I tested your patch on our aarch64 box, with 128 online CPUs.
The testcase is
[page_fault3](https://github.com/antonblanchard/will-it-scale/blob/master/tests/page_fault3.c)
from will-it-scale suite, with test parameters as number of processes or
threads to run.
test vanilla patched
parameter (89b15332af7c) (Linus's patch)
1p 829299 772028 (94.44 %)
1t 998007 925583 (91.89 %)
32p 18916718 18712348 (98.86 %)
32t 2020918 1687744 (69.43 %)
64p 18965168 18982148 (100.05 %)
64t 1415404 1649234 (72.42 %)
96p 18949438 18866126 (99.68 %)
96t 1622876 1448309 (73.08 %)
128p 18926813 18423990 (97.53 %)
128t 1643109 0 (0.00 %)
There are two points to sum up.
1) the performance of page_fault3_process is restored, while the
performance of page_fault3_thread is about ~80% of the vanilla, except
the case of 128 threads.
2) in the case of 128 threads, test worker threads seem to get stuck,
making no progress in the iterations of mmap-write-munmap until a period
of time later. the test result is 0 because only first 16 samples are
counted, and they are all 0. This situation is easy to re-produce with
large number of threads (not necessarily 128), and the stack of one
stuck thread is shown below.
[<0>] __switch_to+0xdc/0x150
[<0>] wb_wait_for_completion+0x84/0xb0
[<0>] __writeback_inodes_sb_nr+0x9c/0xe8
[<0>] try_to_writeback_inodes_sb+0x6c/0x88
[<0>] ext4_nonda_switch+0x90/0x98 [ext4]
[<0>] ext4_page_mkwrite+0x248/0x4c0 [ext4]
[<0>] do_page_mkwrite+0x4c/0x100
[<0>] do_fault+0x2ac/0x3e0
[<0>] handle_pte_fault+0xb4/0x258
[<0>] __handle_mm_fault+0x1d8/0x3a8
[<0>] handle_mm_fault+0x104/0x1d0
[<0>] do_page_fault+0x16c/0x490
[<0>] do_translation_fault+0x60/0x68
[<0>] do_mem_abort+0x58/0x100
[<0>] el0_da+0x24/0x28
[<0>] 0xffffffffffffffff
It seems quite normal, right? and I've run out of ideas.
Thanks,
Yu
But note the XYZ in that commit.

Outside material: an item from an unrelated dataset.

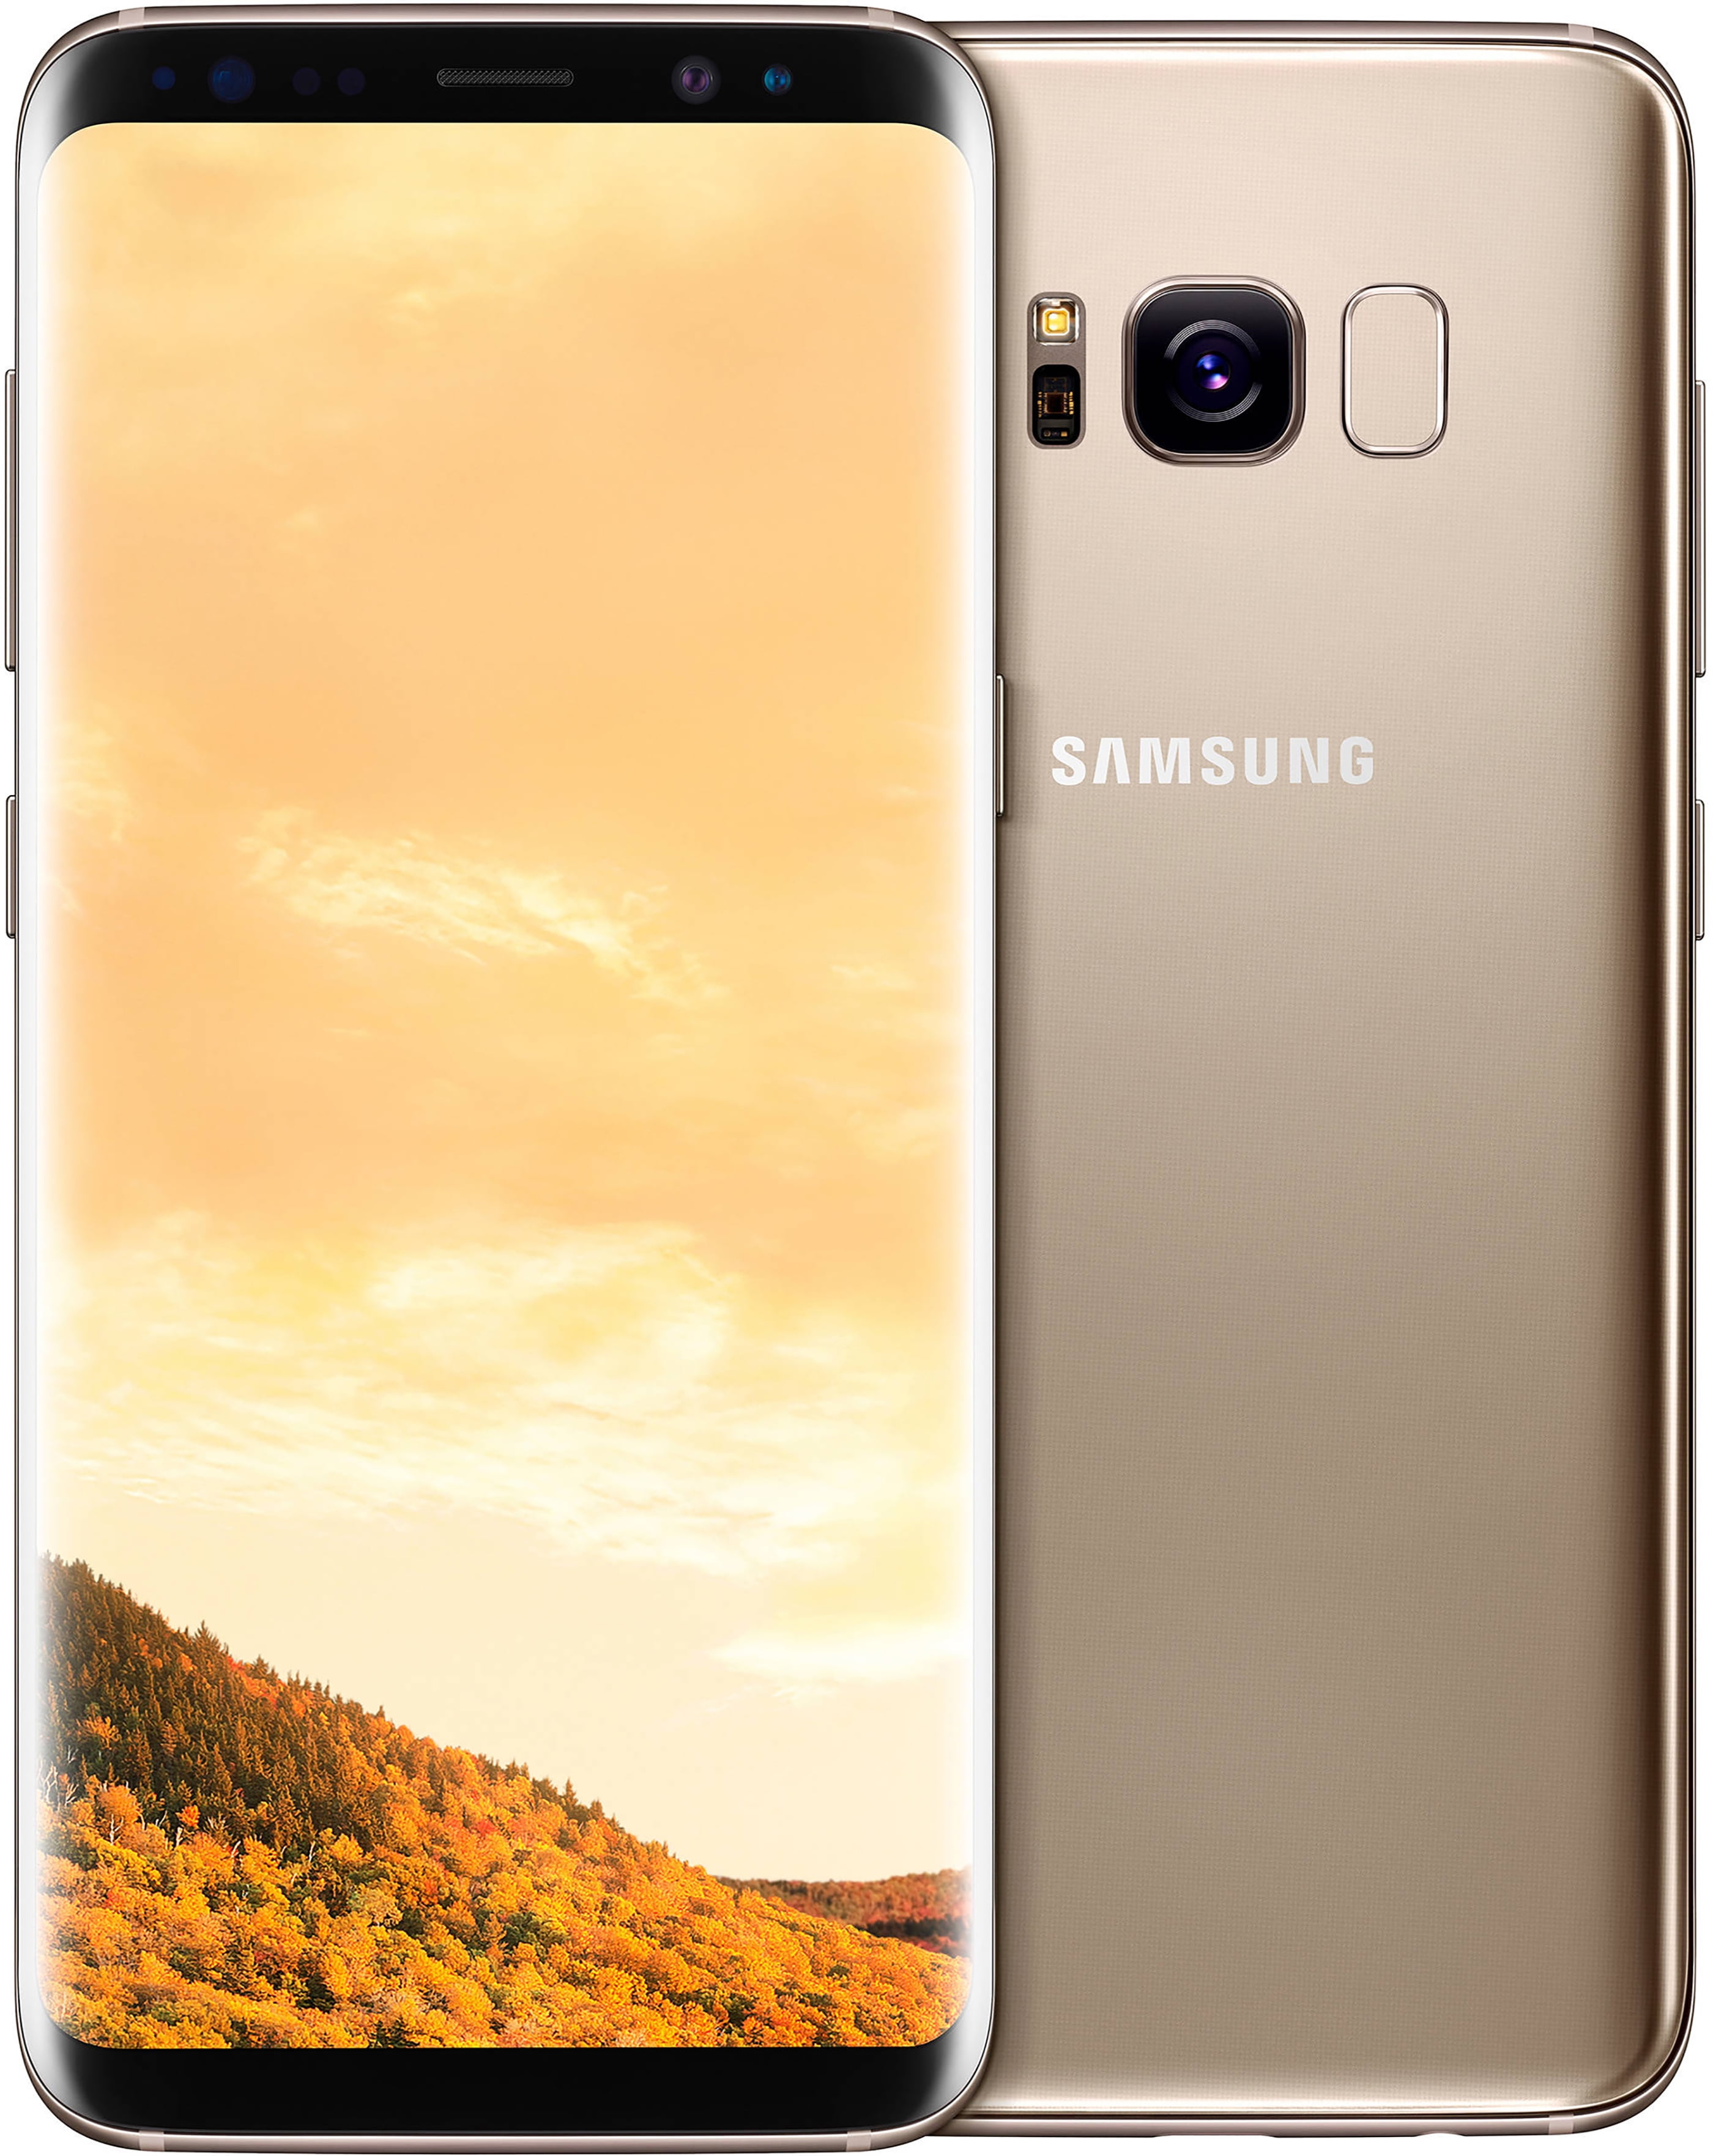 Samsung Galaxy S8 G950F 64GB Unlocked GSM Phone w/ 12MP Camera - Maple

When do we actually have stale TLB
entries? Do we actually do the lazy "avoid TLB flushing when loosening
the rules" anywhere?
I think that "when it's a write fault" is actually bogus. I could
imagine that code pages could get the same issue. So the
"FAULT_FLAG_RETRY" part of the check makes perfect sense to me, but
the legacy "FAULT_FLAG_WRITE" case I'd actually want to document more.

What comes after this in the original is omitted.